![]() May 8, 2003 HHS SAYS HIPAA RULES APPLY TO FLEXIBLE SPENDING ARRANGEMENTS
The U.S. Department of Health and Human Services (HHS) has finally answered whether
flexible spending arrangements (FSAs) are covered under the Administrative Simplification
provisions of the Health Insurance Portability and Accountability Act of 1996 (HIPAA).
According to a Frequently Asked Question that HHS published on April 24, 2003, the answer is "yes." FSAs are "group health plans" as defined in HIPAA, because they are employee welfare benefit plans
under ERISA and they pay for medical care. Therefore, they are "covered entities" under HIPAA's
privacy, security and electronic data interchange (EDI) rules. While most ERISA specialists had
advised clients that FSAs should comply with the rules, HHS had publicly stated that it was still
considering whether FSAs should be covered entities. Since most FSAs had been excepted from the
HIPAA portability provisions, based on guidance issued in December 1997,* it was possible that
HHS was considering also excepting them from the privacy rules. However, the agency has not done so. All group health plans, including FSAs, that are self-administered and have fewer than 50
participants are not covered by HIPAA. In addition, those small health plans with annual
receipts of less than $5 million have until April 14, 2004 to comply. Employers should consult
with their legal counsel with respect to whether their benefit programs meet the small health
plan definition. Factors may include whether the FSA and the other health plans offered by the
employer are considered one "plan" and file one Form 5500, or whether they are treated as
separate "plans." Employers that sponsor fully insured health benefit programs and do not use protected health
information (PHI) have fewer HIPAA privacy compliance obligations than do employers that use
PHI or are self-insured. However, if an employer with a fully insured plan also sponsors an FSA,
the employer must comply with the privacy rules for that FSA in the same manner that it would for
a self-insured benefit program. For example, the FSA documents must be amended, a Notice of Privacy
Practices must be distributed, business associate contracts must be obtained and policies and
procedures must be implemented to protect PHI. Employers must also prepare to comply with the security rules by April 21, 2005. This will require
a risk assessment and implementation of security policies and procedures to assure that electronic
PHI is safe. Employers may wish to ask their administrator or human resources information system
vendor to provide them with information now about how FSA claims information is safeguarded. The EDI rules are generally effective October 16, 2003. Most FSAs have no EDI issues because they
are only reimbursing individuals. However, if there are any direct exchanges between health care
providers and an FSA, employers should consult with legal counsel regarding whether the EDI rules
are implicated. Many employers and their FSA administrators had already begun privacy and security compliance programs.

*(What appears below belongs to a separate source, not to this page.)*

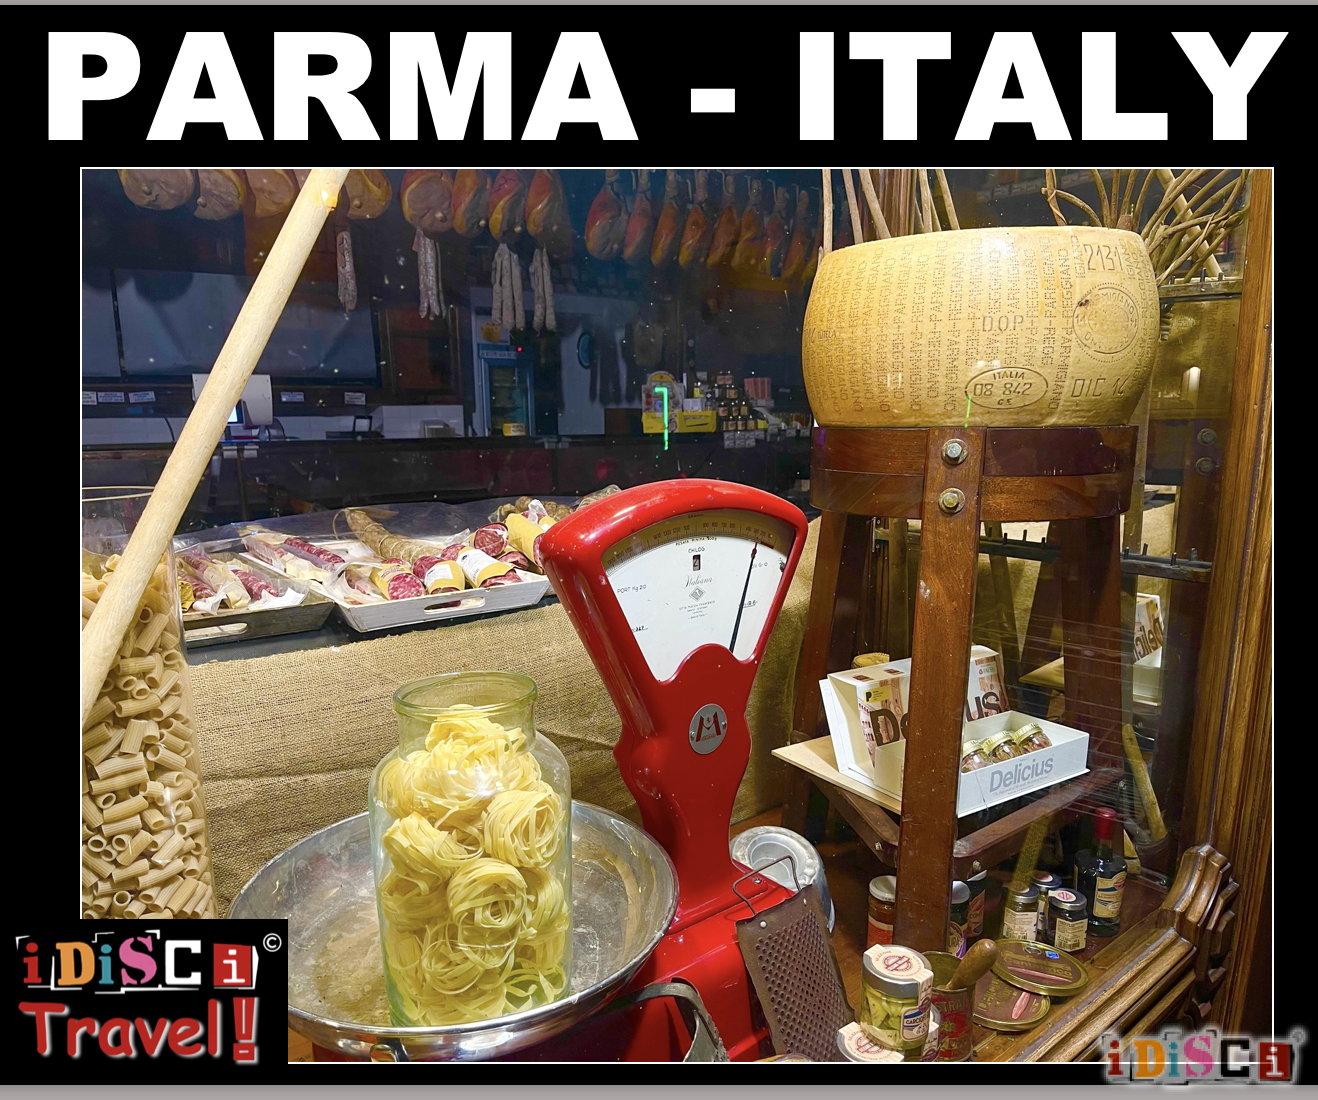 Parma, Parma Italy, Emilia-Romagna, Northern Italy, Parmesan Cheese, Prosciutto, Middle Ages, Roman Settlements, Renaissance, Renaissance Art, Renaissance Architecture, Piazza del Duomo,

Those that have not should consult with their professional advisors as to whether compliance is now necessary. Complete Text of the FAQ The complete text of the FAQ follows. It is available in the Health Information Privacy FAQ list that
can be found at www.hhs.gov/ocr. There is no citation
for this FAQ. However, there is a search tool on the HHS Web site that can be used to look for this FAQ. Question: Is a flexible spending account or a cafeteria plan a covered entity for purposes of the
Privacy Rule and the other HIPAA, Title II, Administrative Simplification standards? Answer: A "group health plan" is a covered entity under the Privacy Rule and the other HIPAA, Title II,
Administrative Simplification standards. A "group health plan" is defined as an "employee welfare benefit
plan," as that term is defined by the Employee Retirement Income Security Act (ERISA), to the extent that
the plan provides medical care. See 42 USC §1320d(5)(A) and 45 CFR 160.103. Thus, to the extent that a flexible
spending account or a cafeteria plan meets the definition of an employee welfare benefit plan under ERISA
and pays for medical care, it is a group health plan, unless it has fewer than 50 participants and is
self-administered. Employee welfare benefit plans with fewer than 50 participants and that are self-administered
are not group health plans. Flexible spending accounts and cafeteria plans are not excluded from the definition
of "health plan" as excepted benefits. See 45 CFR 160.103, paragraph (2)(i) of the definition of "health plan." * This guidance was published in the December 29, 1997 issue of the Federal Register.